As a writer, I pride myself on being good with words. When I saw the post on Facebook, I was stunned… at a total loss. I had nothing to say in response to the family, and the many others who had commented on this sad tragedy. Every response I can think of seems inadequate.
How can I say something comforting? I just cannot imagine or construct the proper response. Really… is there one? Is there the “right thing” to say to someone when their 2-year-old, the light of their life, has suddenly left this world?
We place so much importance on such ridiculous stuff in our daily lives. Road rage, sports, jobs, video games, new cars, sneakers, politics, organized religion, the latest technology, and fashion. We live like we will never die. We focus on achieving goals. Long term goals, short term goals, financial goals, college goals, retirement goals, career goals. We yearn for materialistic things.
This won’t change. It’s how we get through it all. We keep putting one foot in front of the other… walking through this world until our number is up.

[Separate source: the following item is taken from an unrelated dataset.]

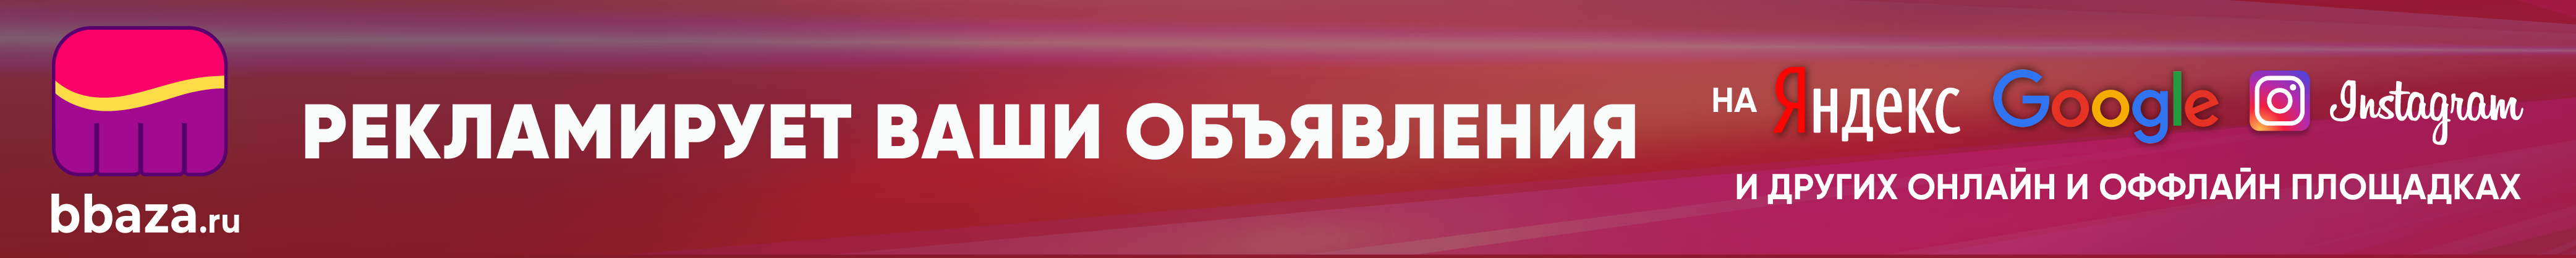 Рекламируем Ваши объявления в Яндекс, Google, instagram

Sometimes it doesn’t happen suddenly, or so we think. We know someone is older, and they are ill. It crosses our mind that they might not make it. It may be obvious that they are at the end of their journey. Why does it still shock us when they actually die? Is it our eternal hope that we can somehow escape this fate?
In the end, what’s important?  We each have a chance to make a difference while we’re here. Never underestimate that. What you do with the time you’re given can make all the difference to the lives of others. We can be a positive influence and encourage people to do their best.
I have to admit, I’m one of those people that has great faith in the resilience of the human body and spirit. It always shocks me when someone actually dies. I guess I’m the one that thinks on some level that we’ll all live forever in one form or another.
Some of you believe in God, mother nature, or some form of higher power. I do. I believe that we are under God’s care. We may not understand how events like these fit into the grand plan. The fact is, we are not privileged to know the big picture. We cannot possibly be granted foresight and volition. Because we get to choose our actions, we can only guess the outcomes. Some things are obvious, and some are hidden.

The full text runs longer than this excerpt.